> Supplied information:

[Start of Attachment]

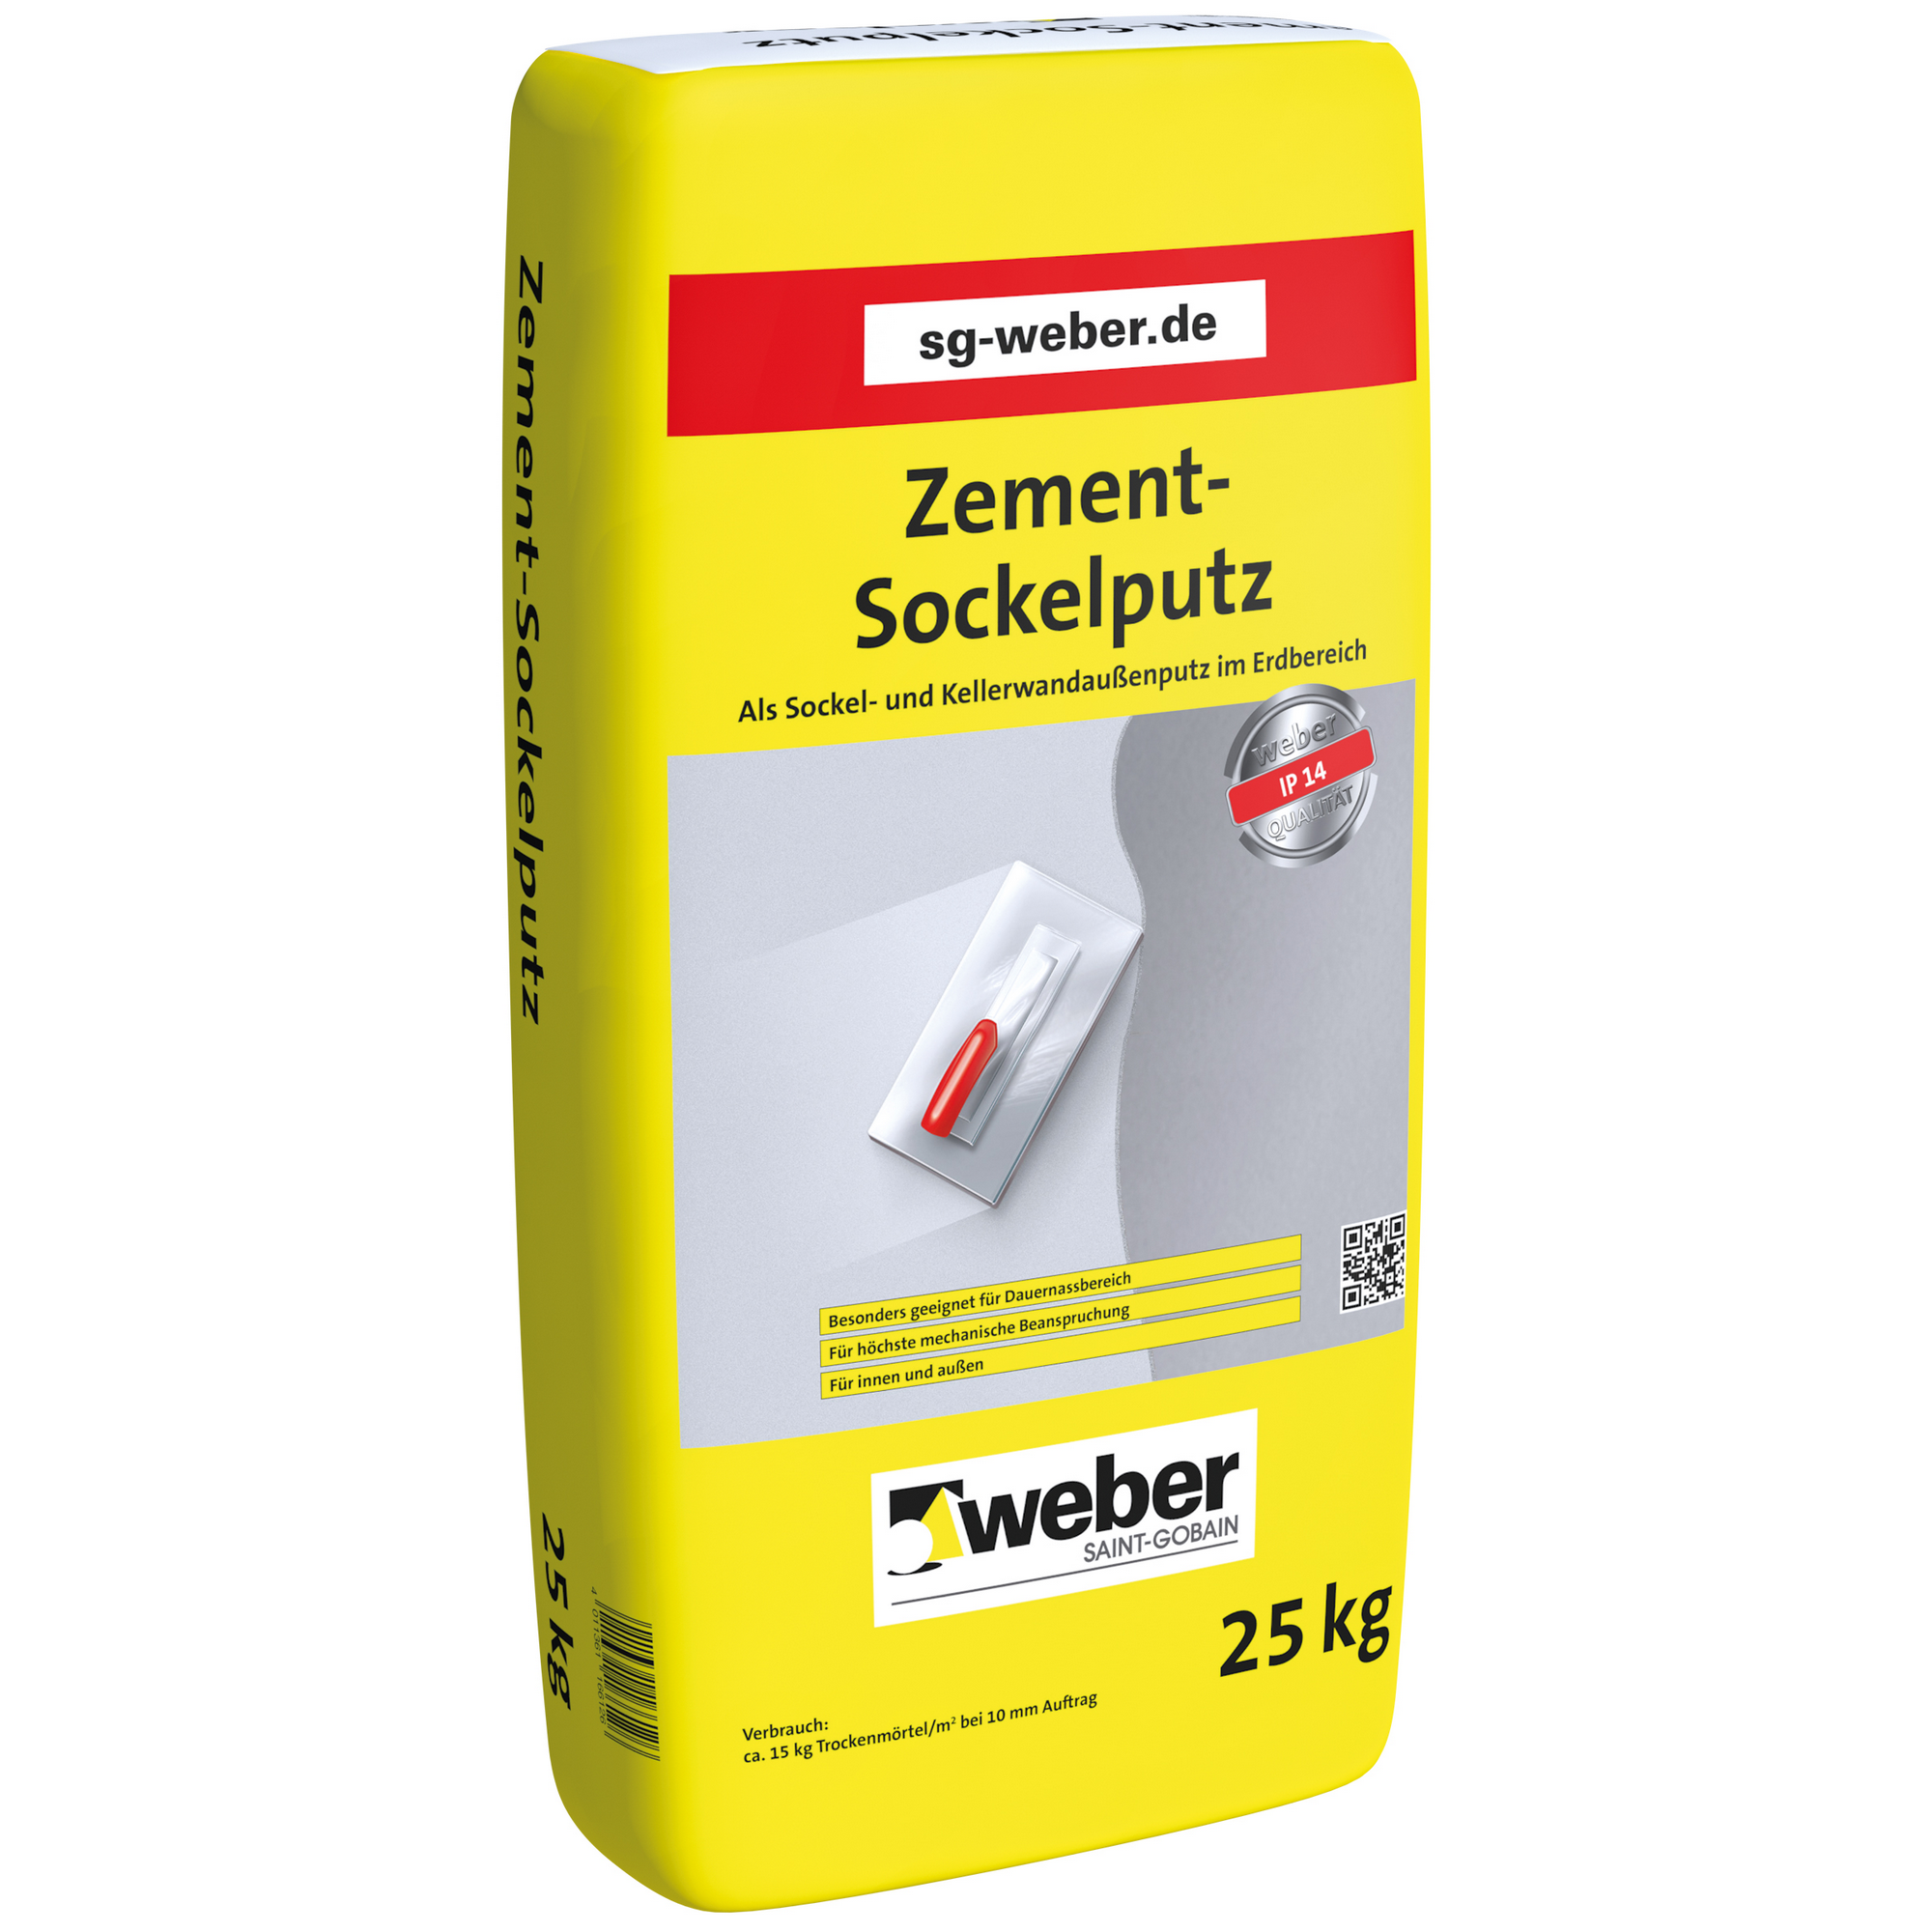 Zement-Sockelputz 25 kg + product picture
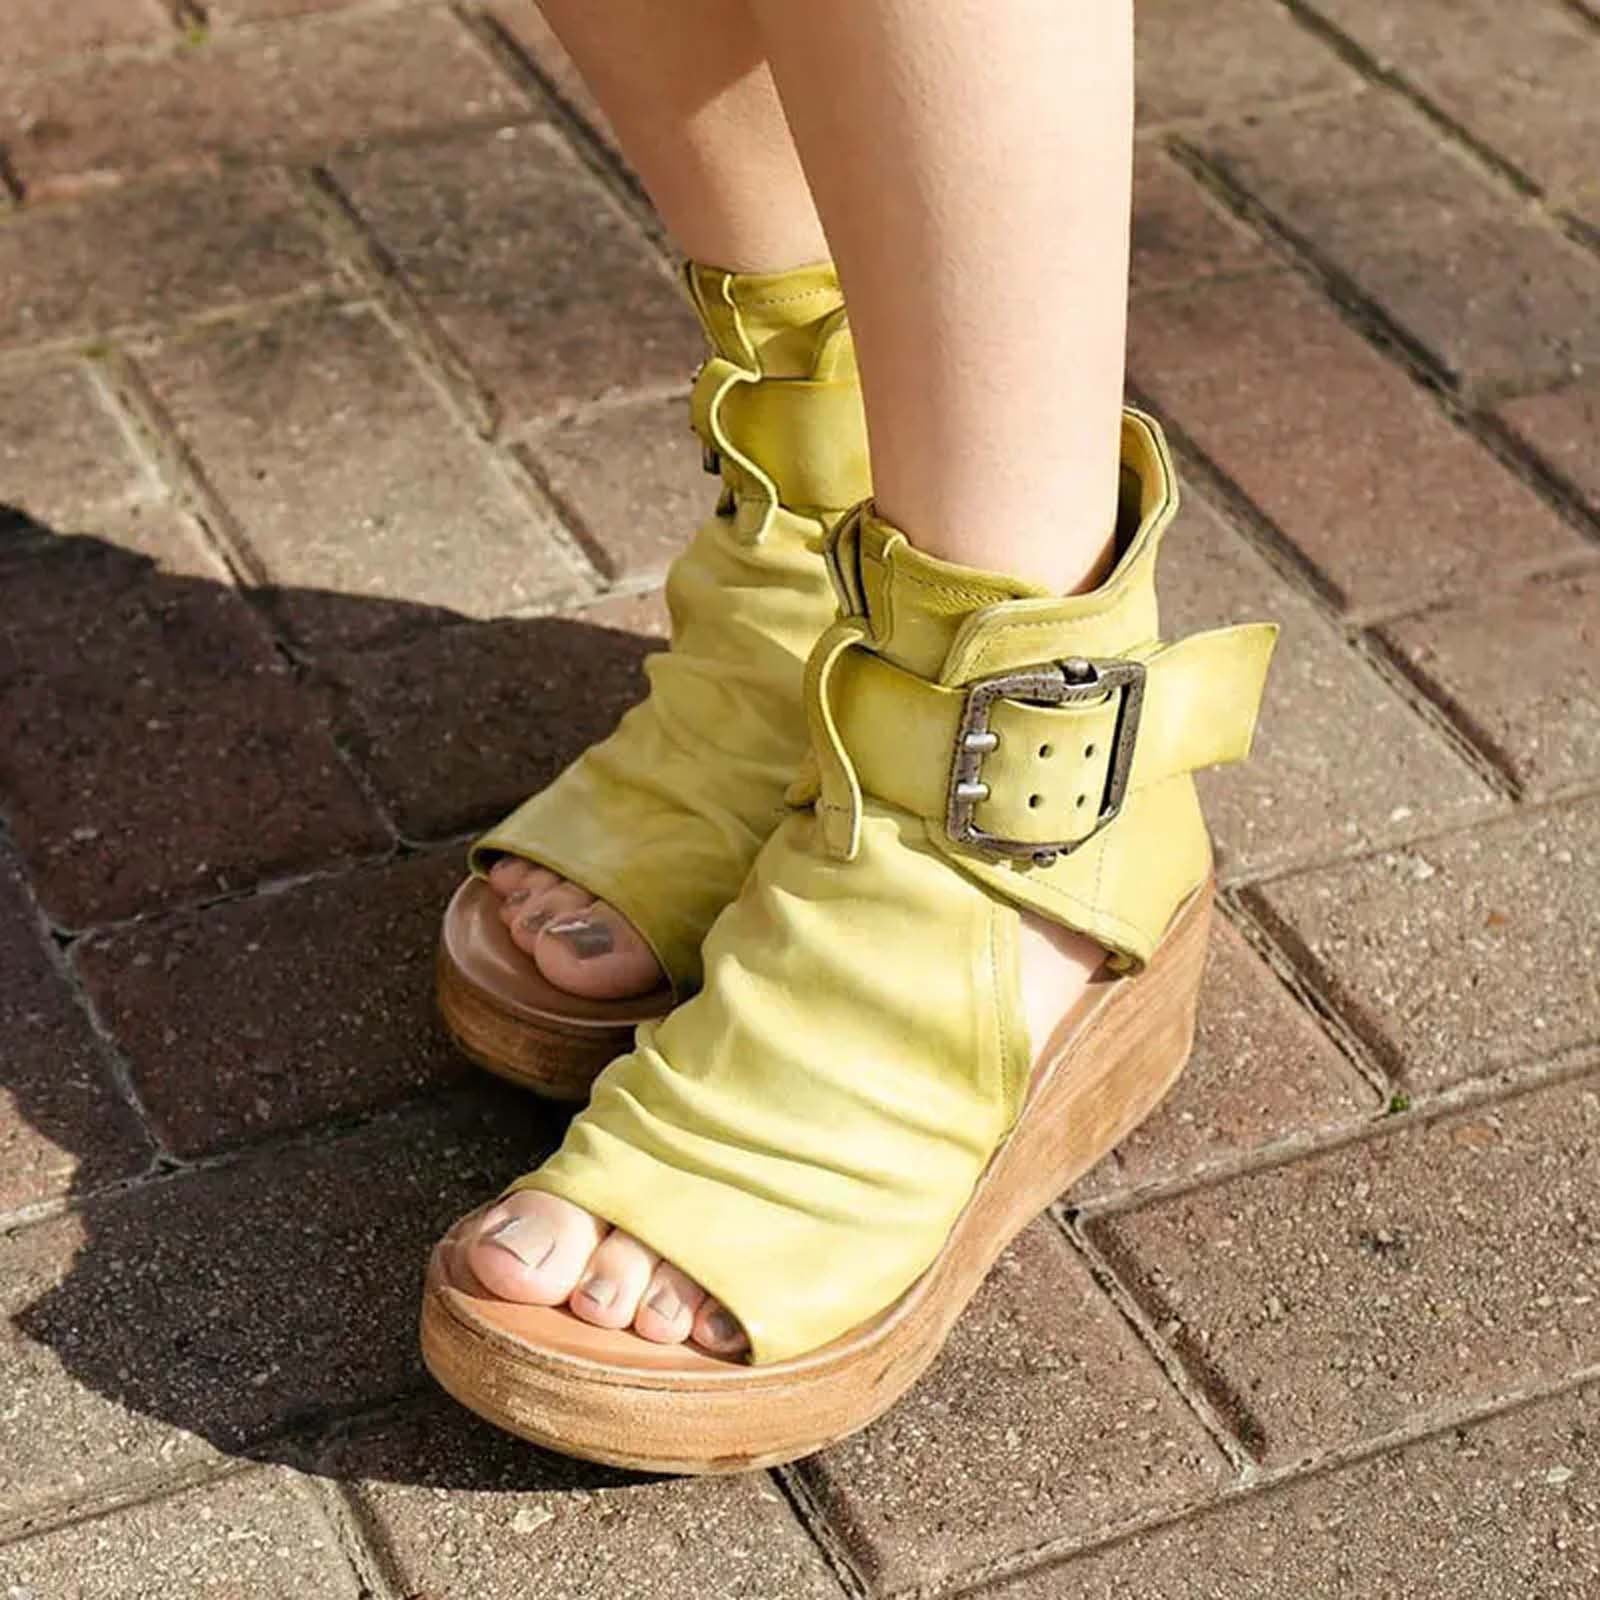 Women Summer Sandals Fashion Fish Mouth Thick Bottom Espadrilles Wedges Casual Buckle Strap Roman Platform Shoes
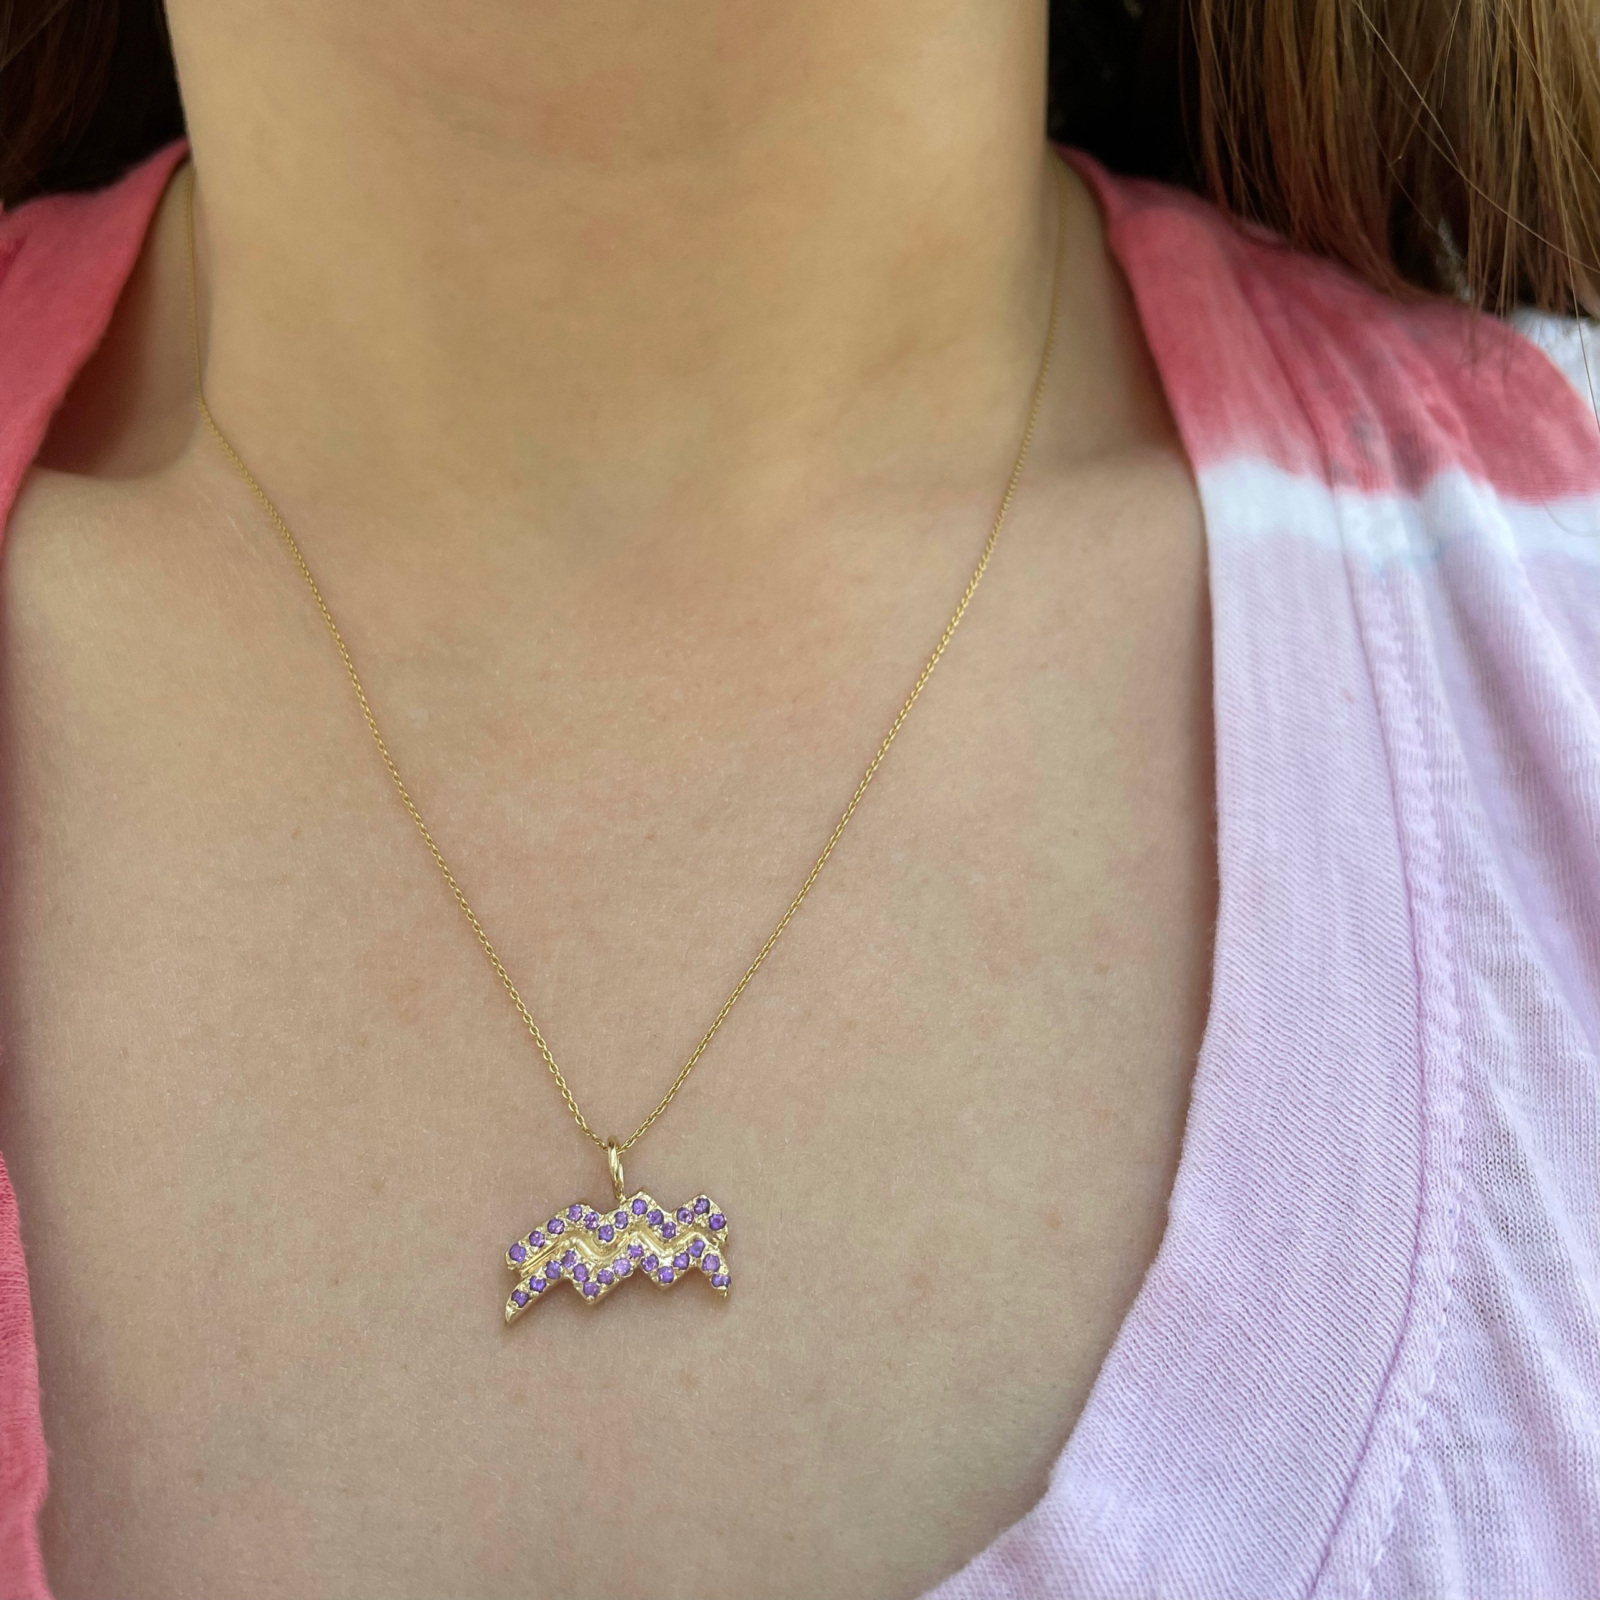 Aquarius zodiac sign charm pendant necklace

[End of Attachment]

With the pictures left out, copy exactly the lines from the one containing "Women Summer Sandals" through the last line of the data.

> Exercise response:
 Women Summer Sandals Fashion Fish Mouth Thick Bottom Espadrilles Wedges Casual Buckle Strap Roman Platform Shoes
 Aquarius zodiac sign charm pendant necklace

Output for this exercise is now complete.